Четыре человека лихорадочно работают лопатками, углубляя траншею. Коля Зрячев, лежа вверх лицом, набивает пустую ленту. Дед изготовился к стрельбе, но перед прицелом колышется стрелковая цепь — мамаевцы тоже отходят в немецкие окопы второй линии.

Непочатов и Лукин ведут огонь с флангов, прикрывая отход роты. Опять высовываю трубку перископа-разведчика. Хорошо стреляют непочатовцы! Пули взрывают целую тучу песка на вражеском окопе у правого гумна — как раз там, откуда стрекочет самый назойливый пулемет. Теперь молчит — притаился. У Лукина хуже: не вижу, куда идут пули. Вроде бы ведут огонь по кромке сада, но вражеский пулемет, спрятанный между густыми кустами, не умолкает ни на минуту.

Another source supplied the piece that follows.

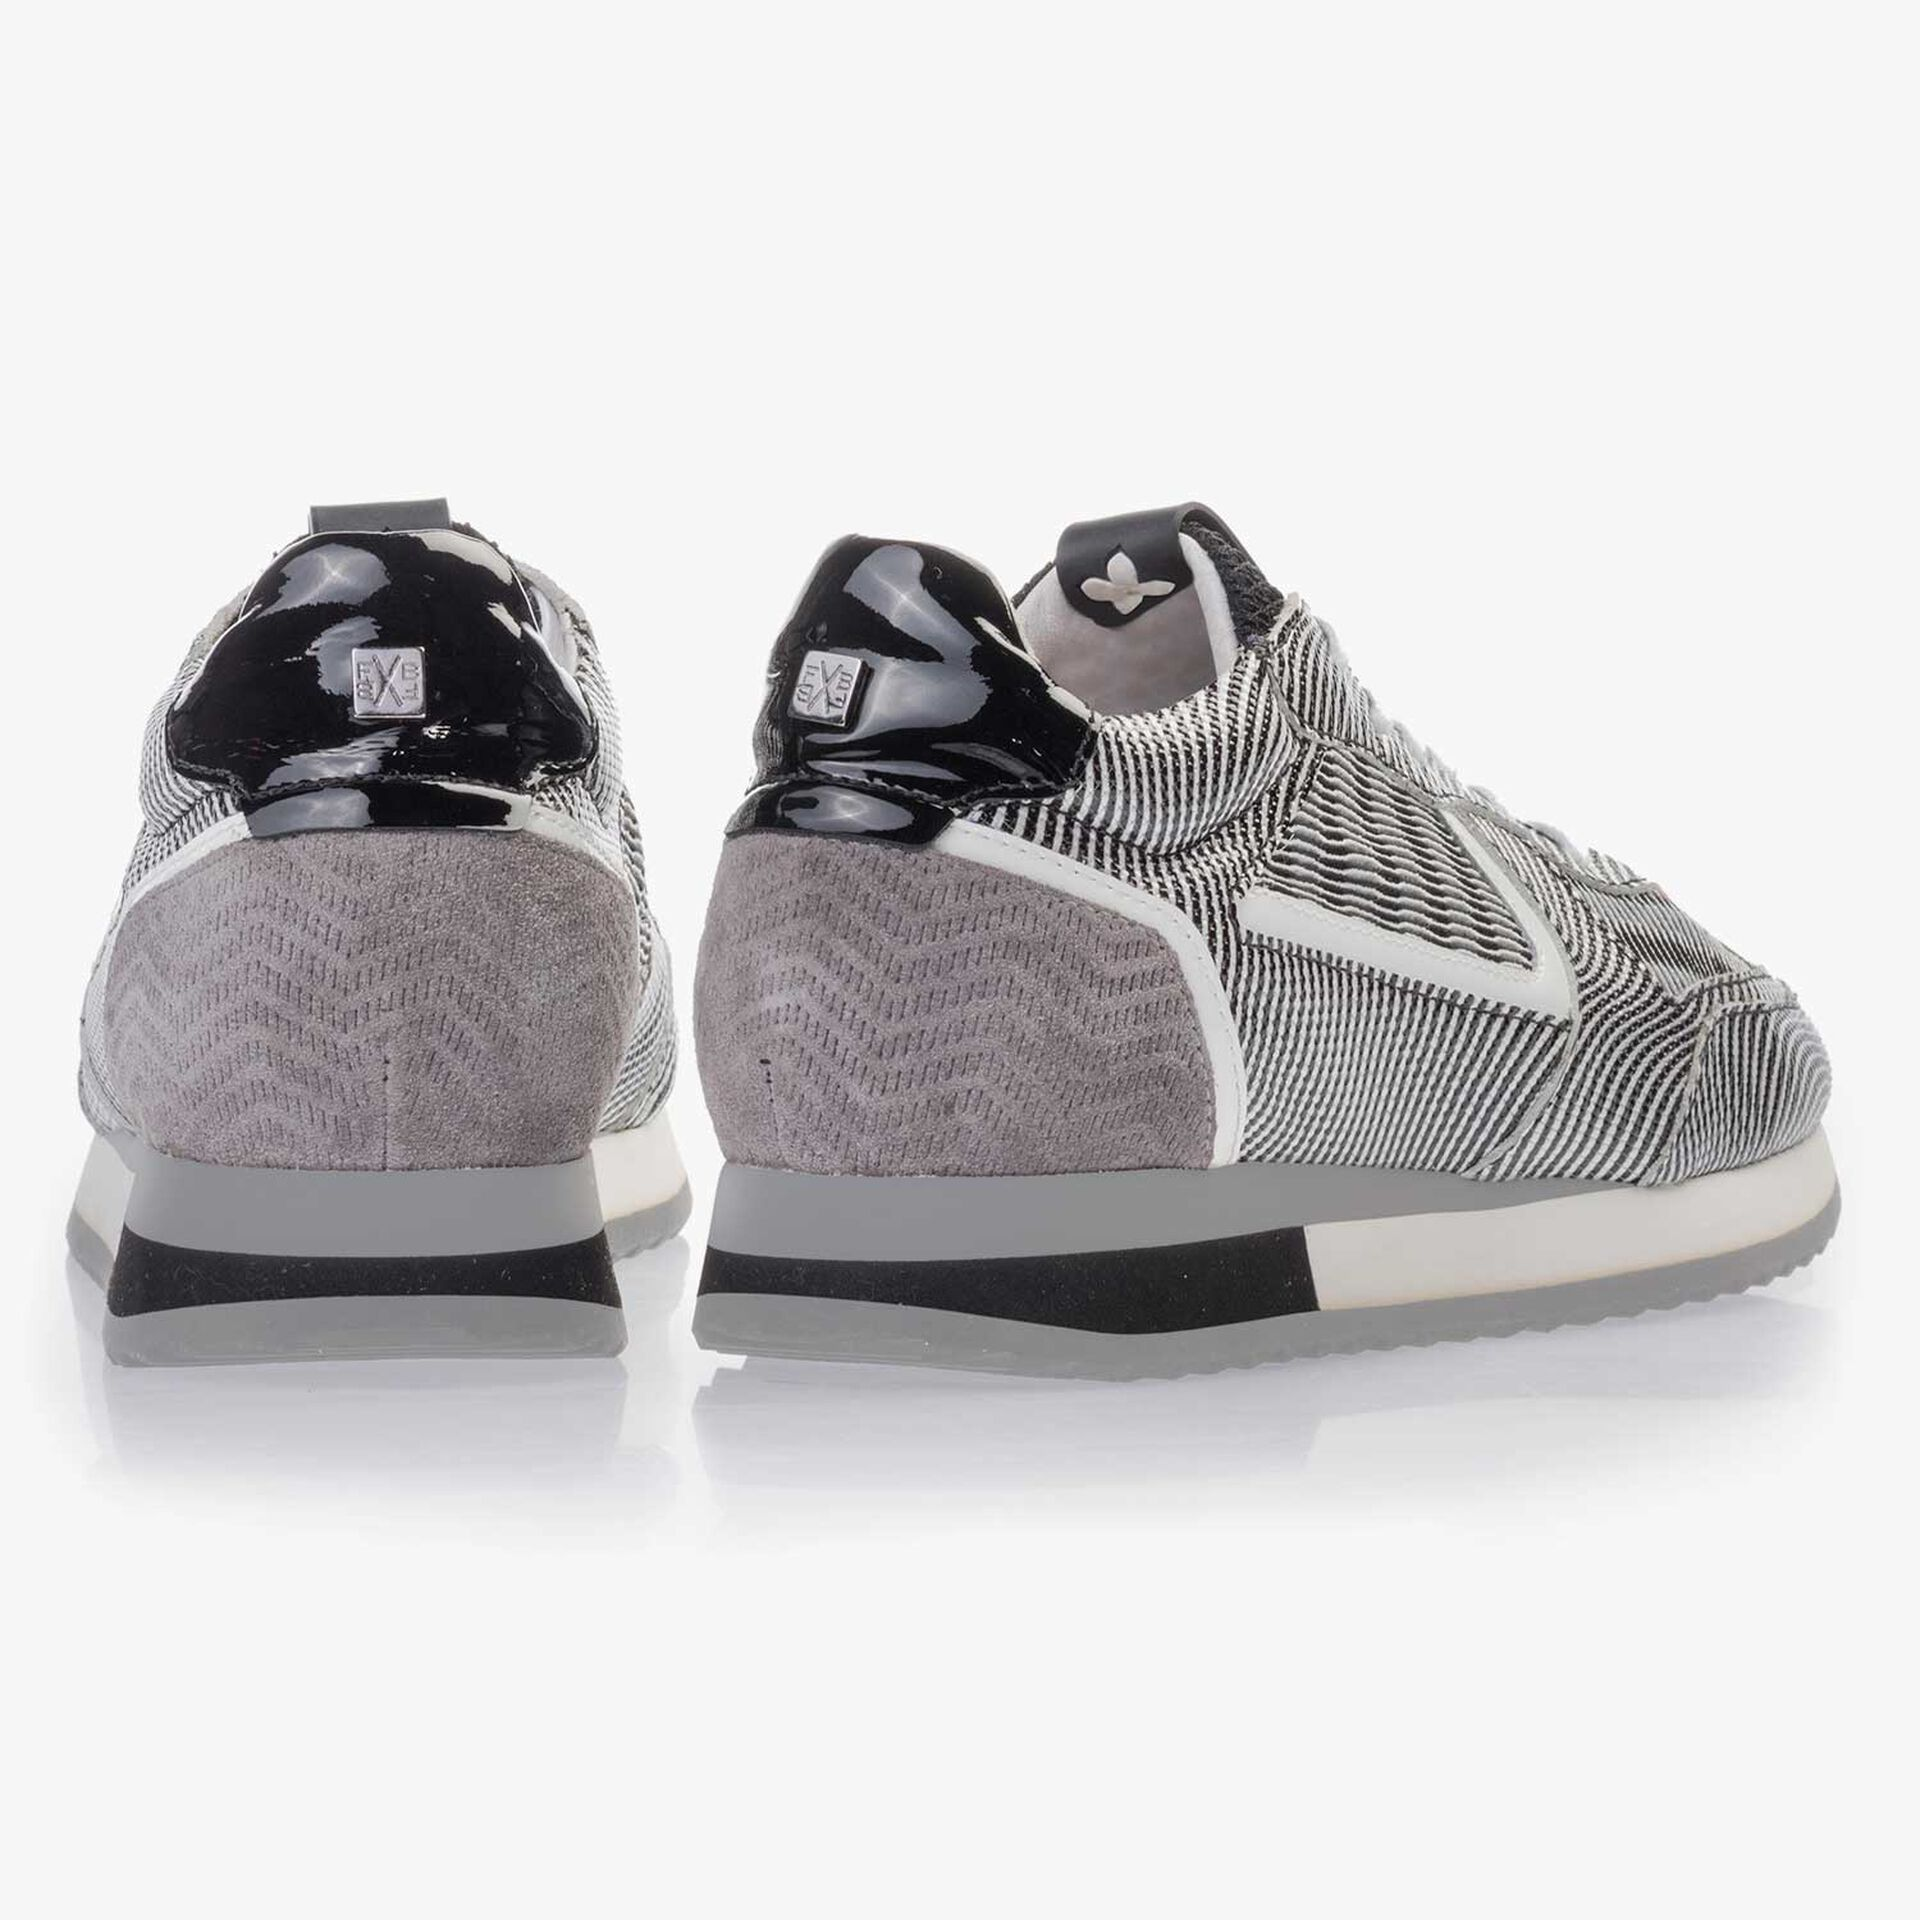 Black/white patent leather sneaker

— Без нужды не стрелять! — говорю деду Бахвалову. — Присмотрите запасную позицию.

И снова, согнувшись почти пополам, бегу по мелкой полупрофильной траншее. Сзади топочет Закревский. Прямо с ходу валюсь в окоп, хватаю за маховичок вертикальной наводки и кричу в волосатое ухо Шугая:

— Куда?! По воробьям?

Шугай поворачивает ко мне бородатую улыбающуюся физиономию, согласно кивает головой в зеленой каске, нахлобученной на самые брови, и снижает наводку. И тут, как и у деда Бахвалова, окапываются во все лопатки. Лукин сам набивает ленту, сосредоточенно сдвинув брови. Я не успела его выругать за неприцельный огонь. С визгом над нашими головами пролетел снаряд и разорвался где-то позади огневой позиции. Потом другой, третий… Загрохотало, загудело, завыло… На разные голоса запели, зафырчали осколки. Туча вздыбленной земли живой стеной заколыхалась перед нашим окопом, закрыла солнце, сухими комьями обрушилась на наши спины, запорошила глаза, перехватила дыхание.

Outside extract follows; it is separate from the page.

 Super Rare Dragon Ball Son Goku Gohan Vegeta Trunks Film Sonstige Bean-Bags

Отплевываясь и ничего не видя перед собой, я на ощупь метнулась к брустверу. Споткнулась о чьи-то ноги, больно ударилась подбородком обо что-то твердое, закричала во всю силу легких: — Пулемет в траншею!

Поняли. Глухо звякнули о дно окопа пулеметные катки-колеса.

Проходили секунды, минуты, а грохот, вой и визг, казалось, всё нарастали, и не было никакой передышки.

Земля глухо вздрагивала под нашими безвольно распростертыми телами и тяжко стонала, будто угрожая разверзнуться и в справедливом гневе поглотить сеющих смерть, а заодно и нас, защитников своих, — живых и мертвых.

Время тянулось очень медленно, в сознании билась только одна мысль: «Выжить. Выстоять…»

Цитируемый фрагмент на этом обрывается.